Suppose I have a dataset which contains labels, filenames, and potentially other columns of metadata. The dataset may have as many as 200,000 examples. I've provided a snippet below that simulates this setup.
import pandas as pd
import numpy as np
import IPython.display as ipd
size = 20000
df = []
rng = np.random.default_rng(0)
for i in range(size):
l = rng.choice(('cat', 'dog', 'mouse', 'bird', 'horse', 'lion', 'rabbit'))

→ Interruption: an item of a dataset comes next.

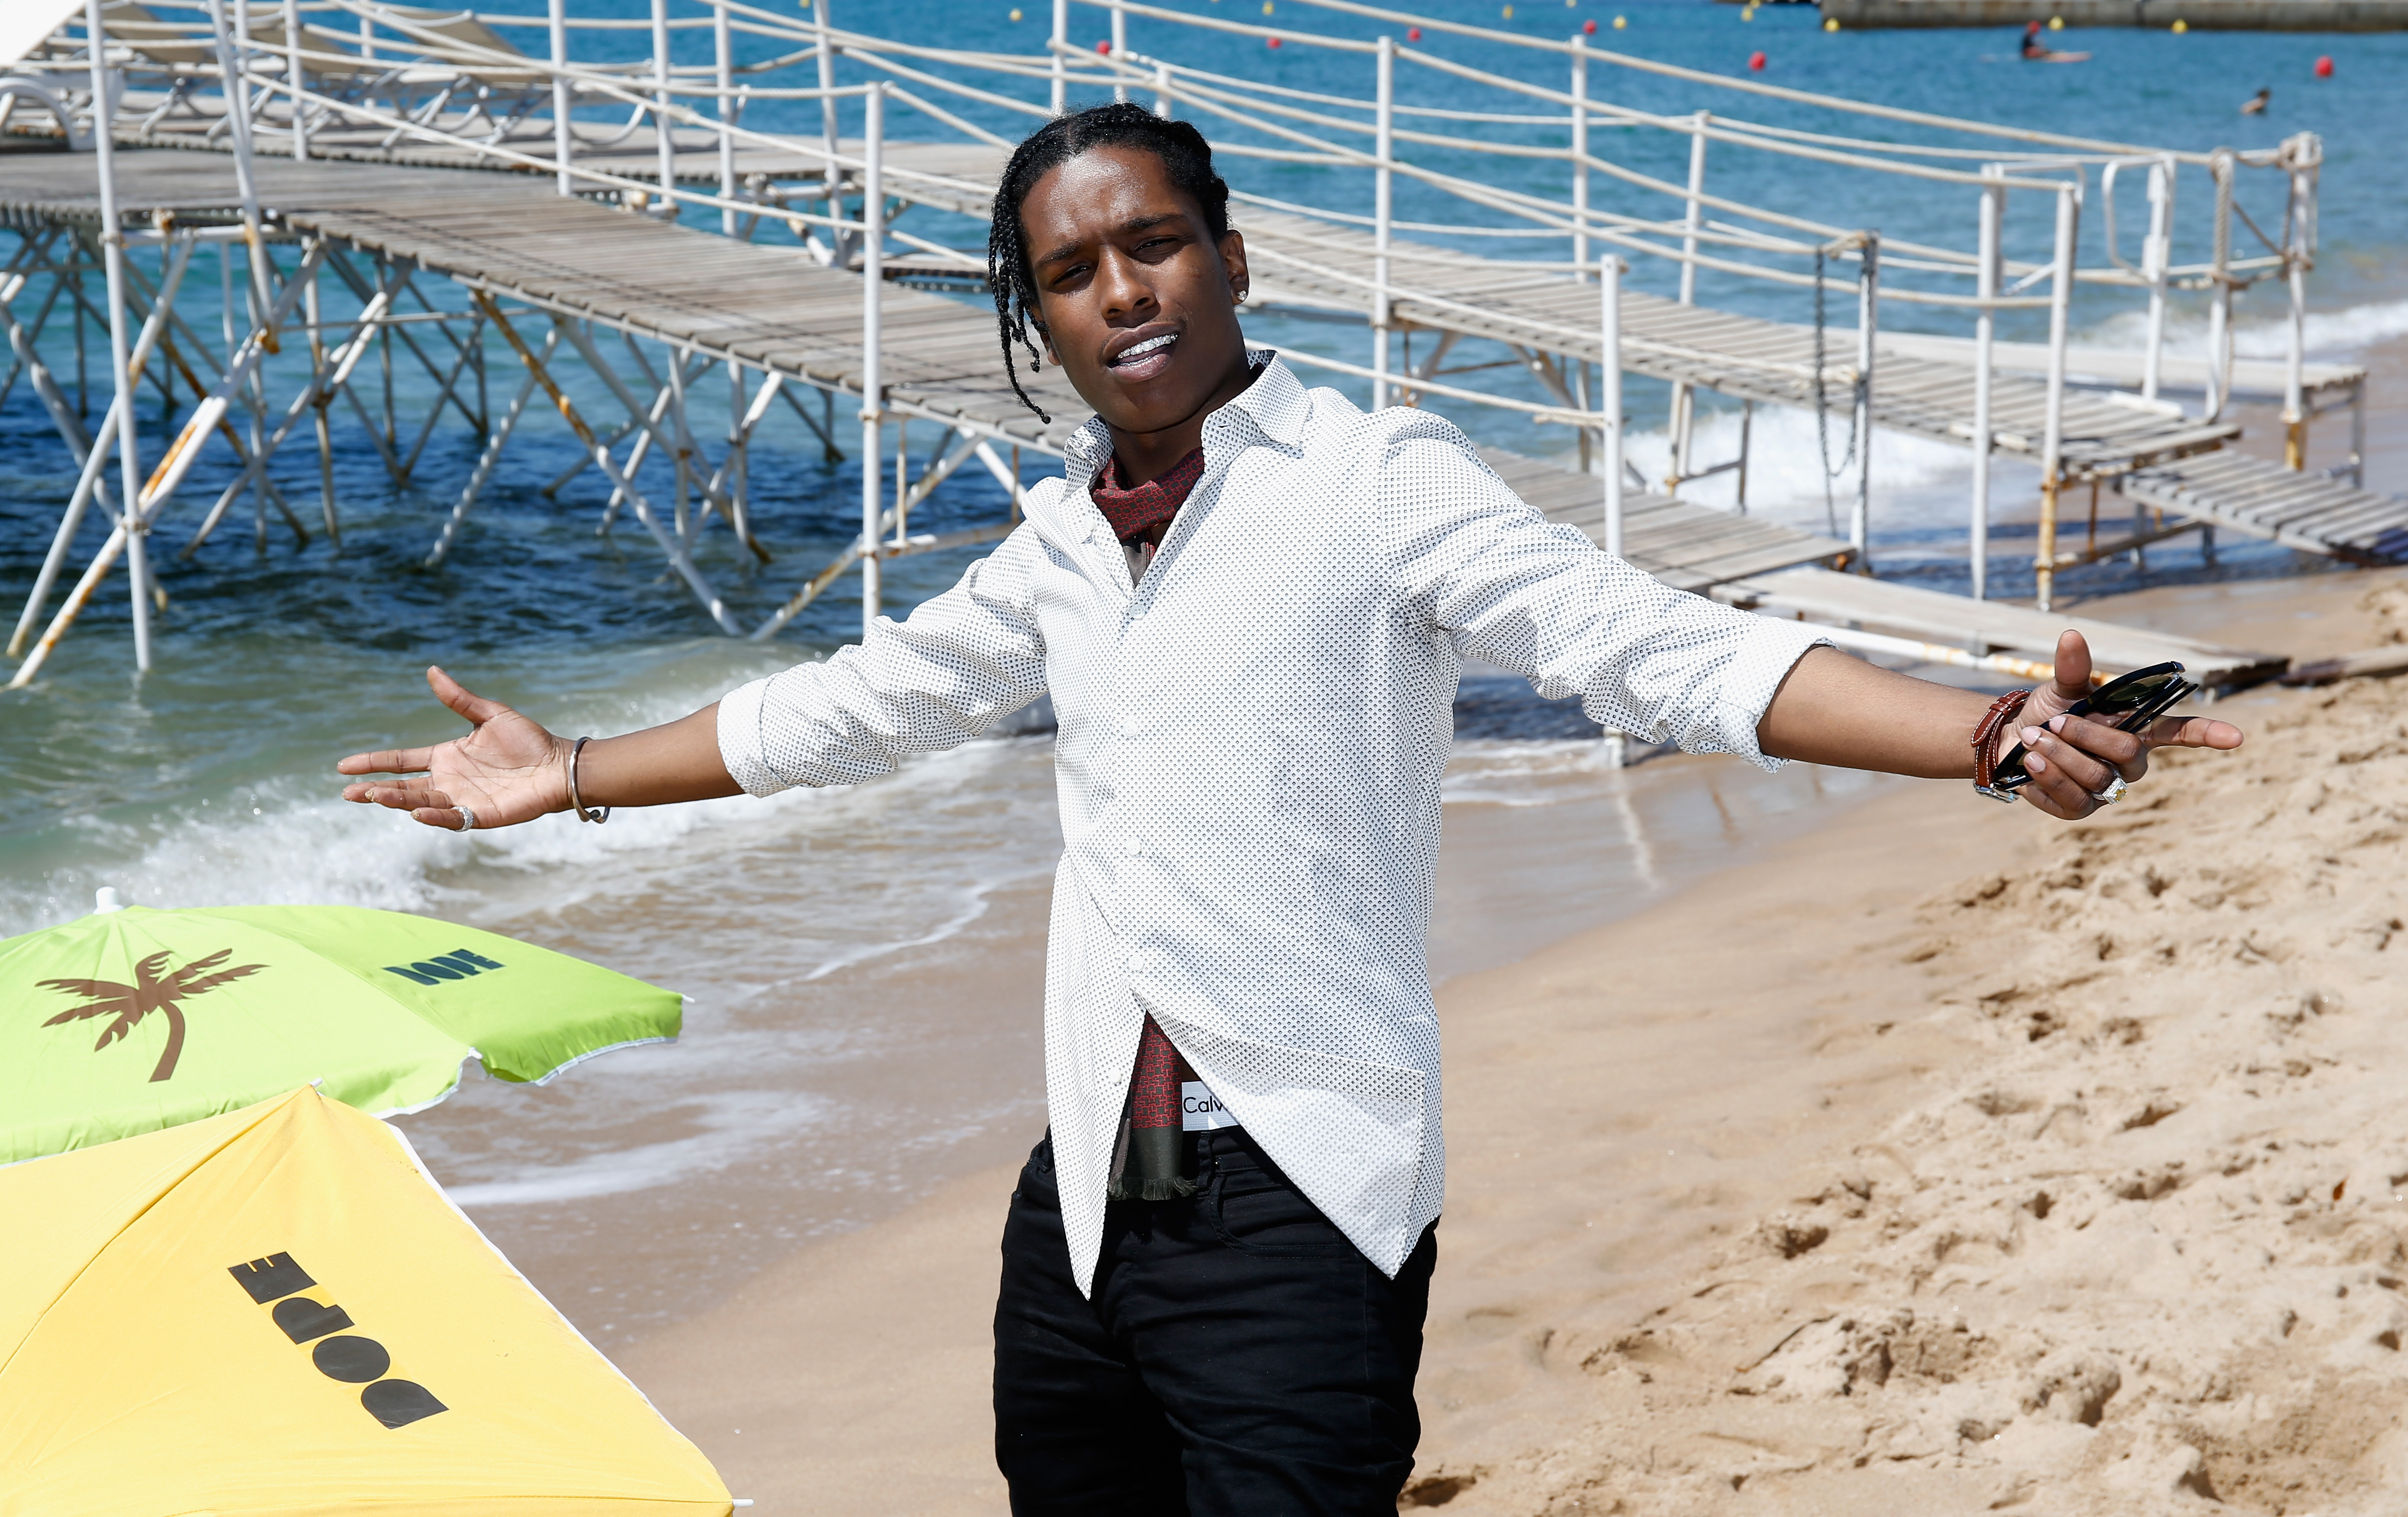 CANNES, FRANCE - MAY 22:  Rapper ASAP Rocky attends a photocall for "Dope" during the 68th annual Cannes Film Festival on May 22, 2015 in Cannes, France.  (Photo by Alex B. Huckle/Getty Images)

fp = str(rng.integers(1e5)).zfill(6) + '.jpg'
df.append((l, fp))
df = pd.DataFrame(df, columns=['label', 'filepath'])
ipd.display(df)
I would like to efficiently produce N randomly generated pairs of data, with the condition that the dataset is balanced between positive and negative pairs, e.g.,
# df_out would be of size "N"
df_out = pd.DataFrame([], columns=['label_1', 'label_2', 'filepath_1', 'filepath_2'])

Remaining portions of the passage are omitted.